The data START
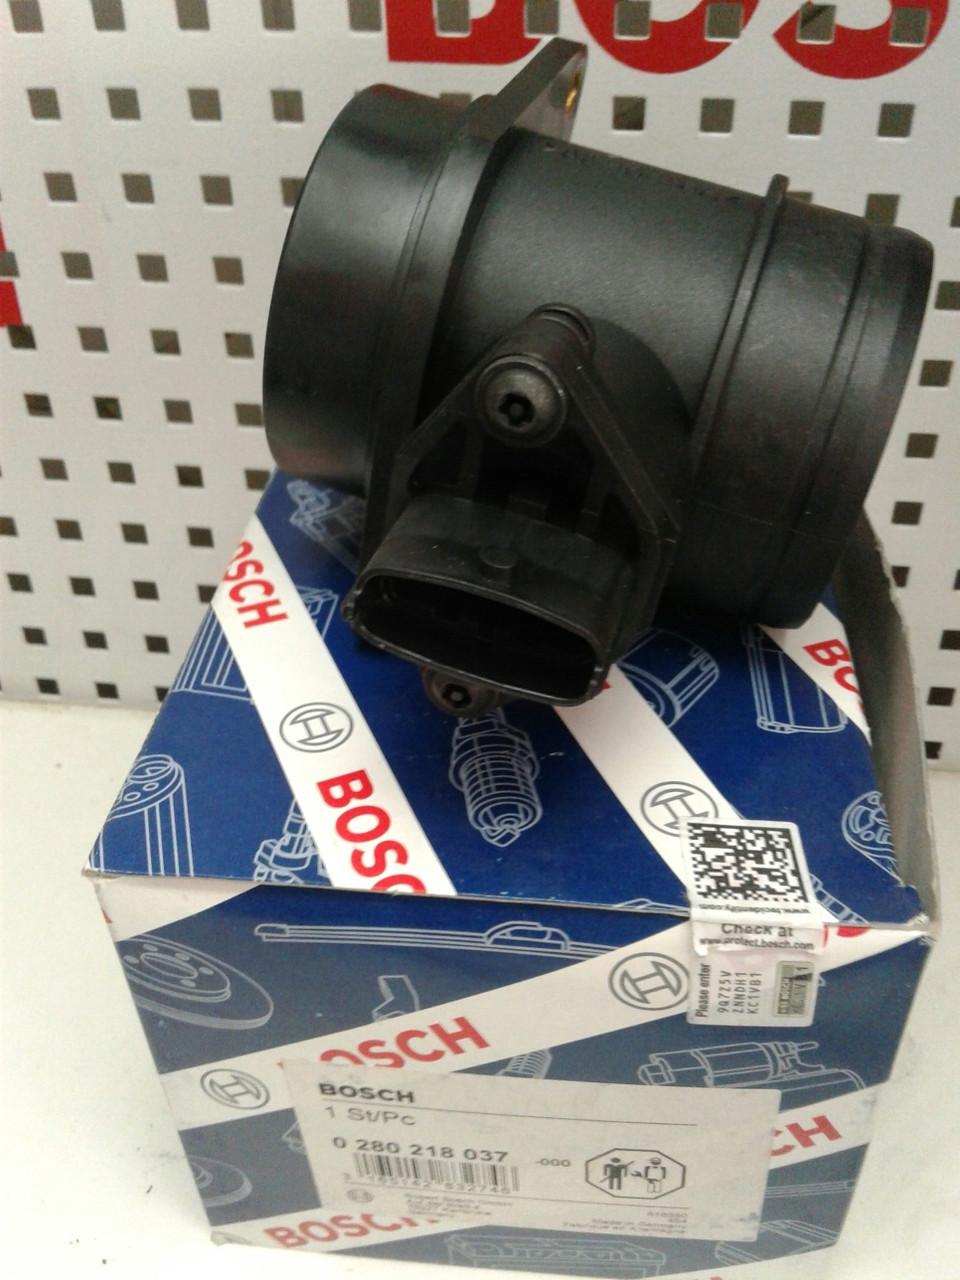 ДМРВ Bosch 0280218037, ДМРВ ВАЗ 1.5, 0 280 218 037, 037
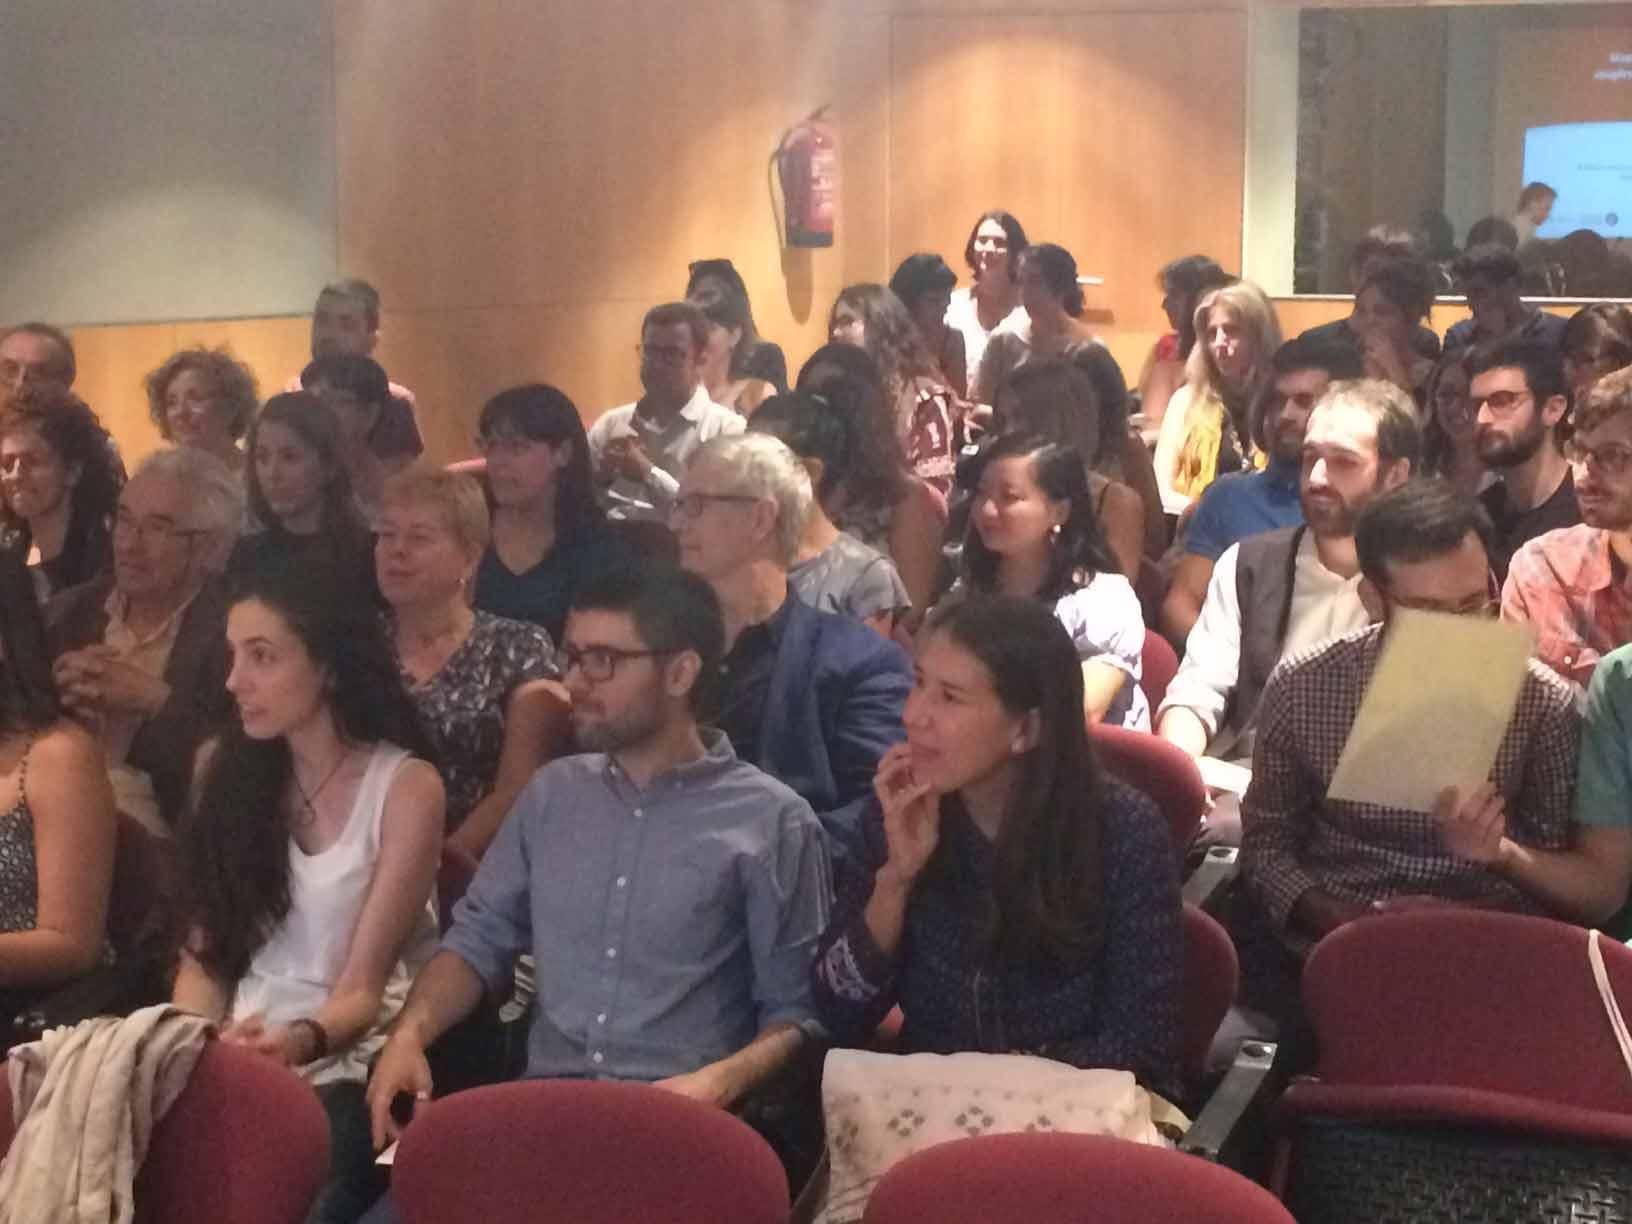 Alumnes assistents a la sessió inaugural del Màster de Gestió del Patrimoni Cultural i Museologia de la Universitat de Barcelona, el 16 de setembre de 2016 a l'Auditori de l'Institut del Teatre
The data END
The data START
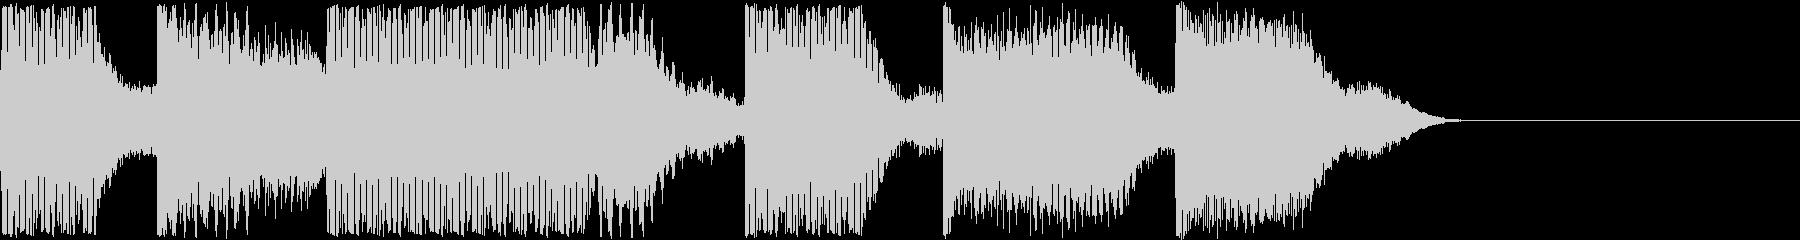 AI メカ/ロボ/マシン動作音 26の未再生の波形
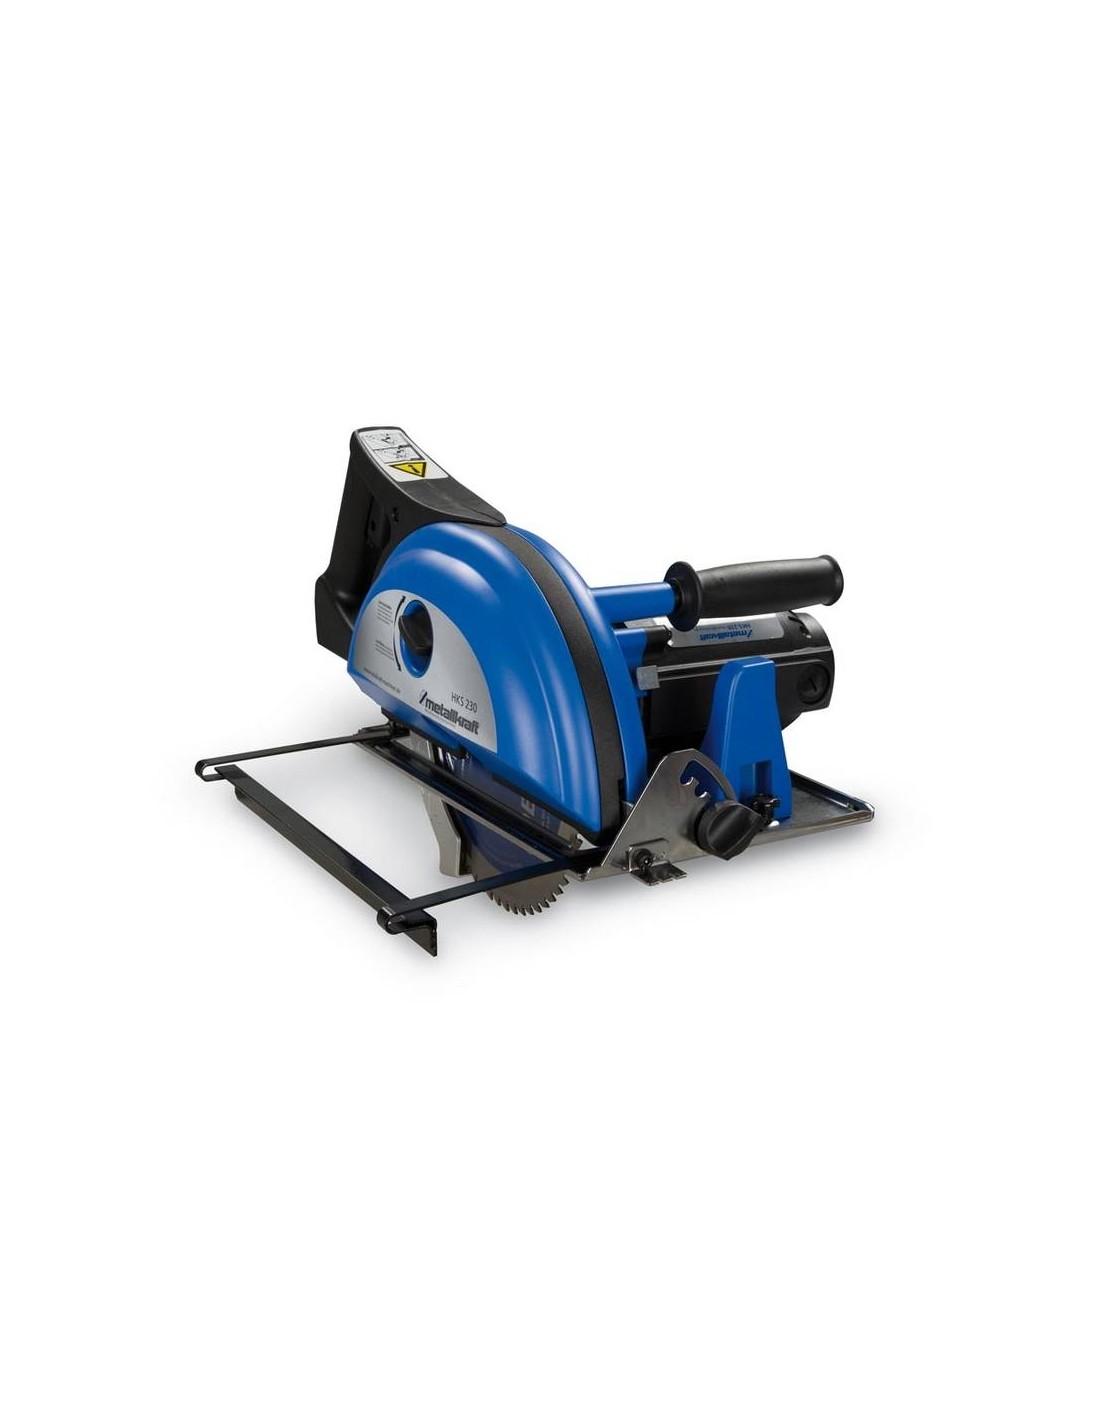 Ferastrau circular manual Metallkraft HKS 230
The data END
The data START
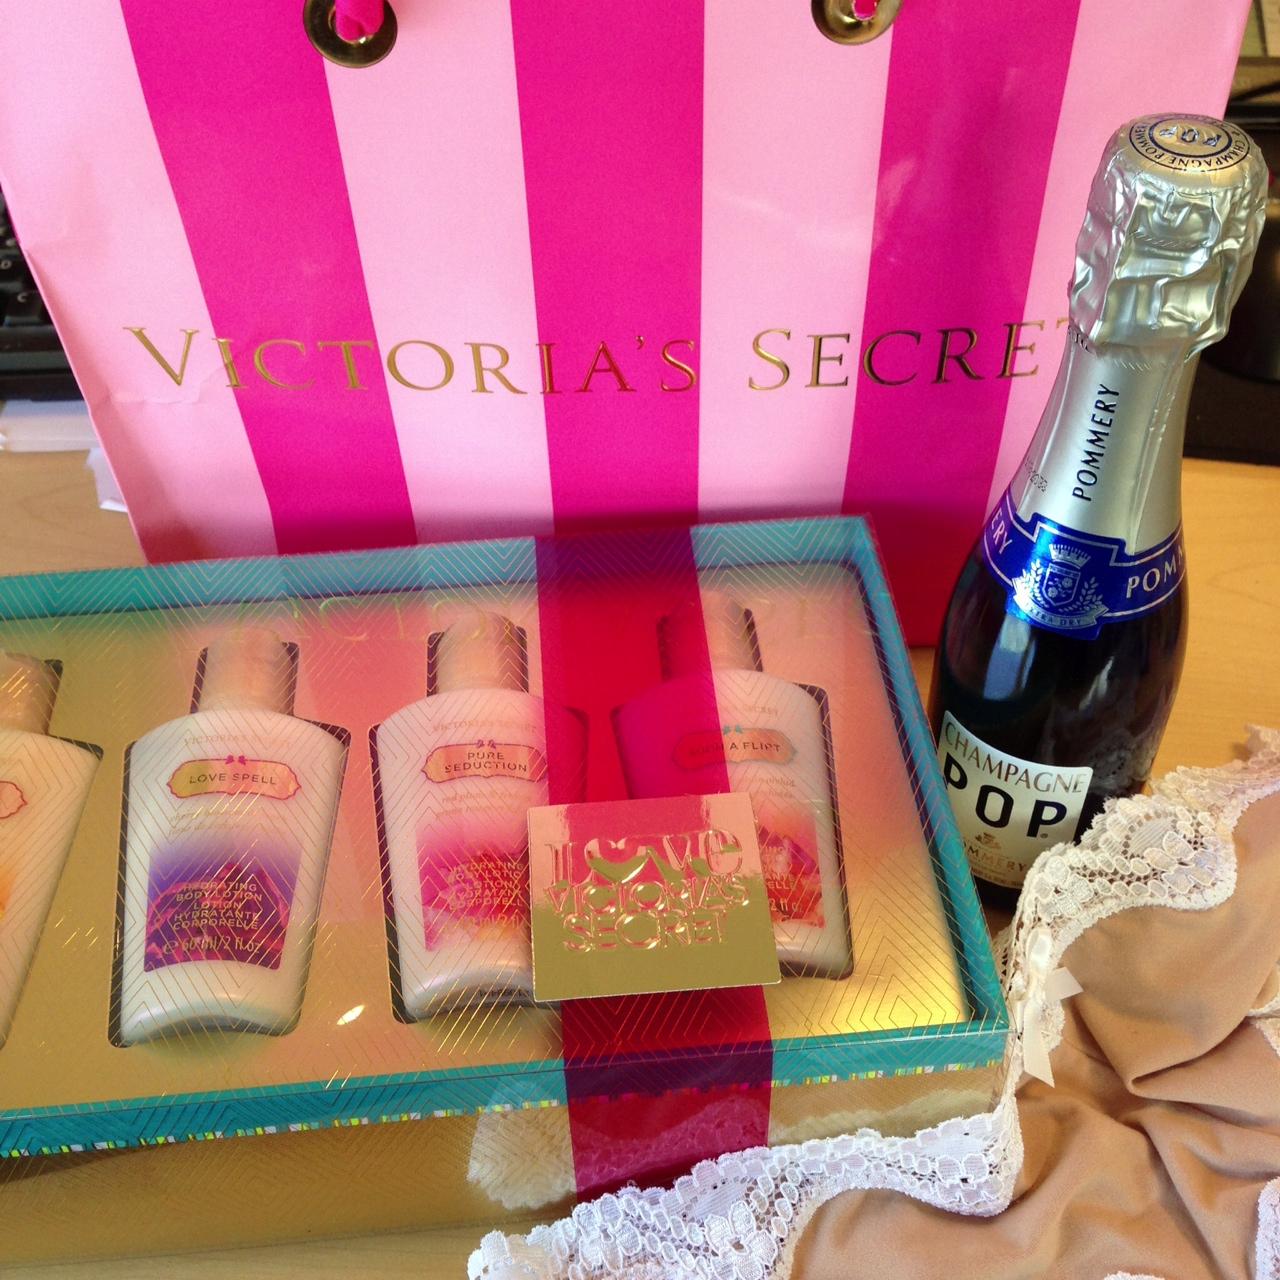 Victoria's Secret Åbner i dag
The data END
Using the data above, output the line that has "ДМРВ Bosch 0280218037, ДМРВ", the line that has "Alumnes assistents a", and whatever lines fall between, each exactly as it stands and without pictures.

Expected answer |
 ДМРВ Bosch 0280218037, ДМРВ ВАЗ 1.5, 0 280 218 037, 037
 Alumnes assistents a la sessió inaugural del Màster de Gestió del Patrimoni Cultural i Museologia de la Universitat de Barcelona, el 16 de setembre de 2016 a l'Auditori de l'Institut del Teatre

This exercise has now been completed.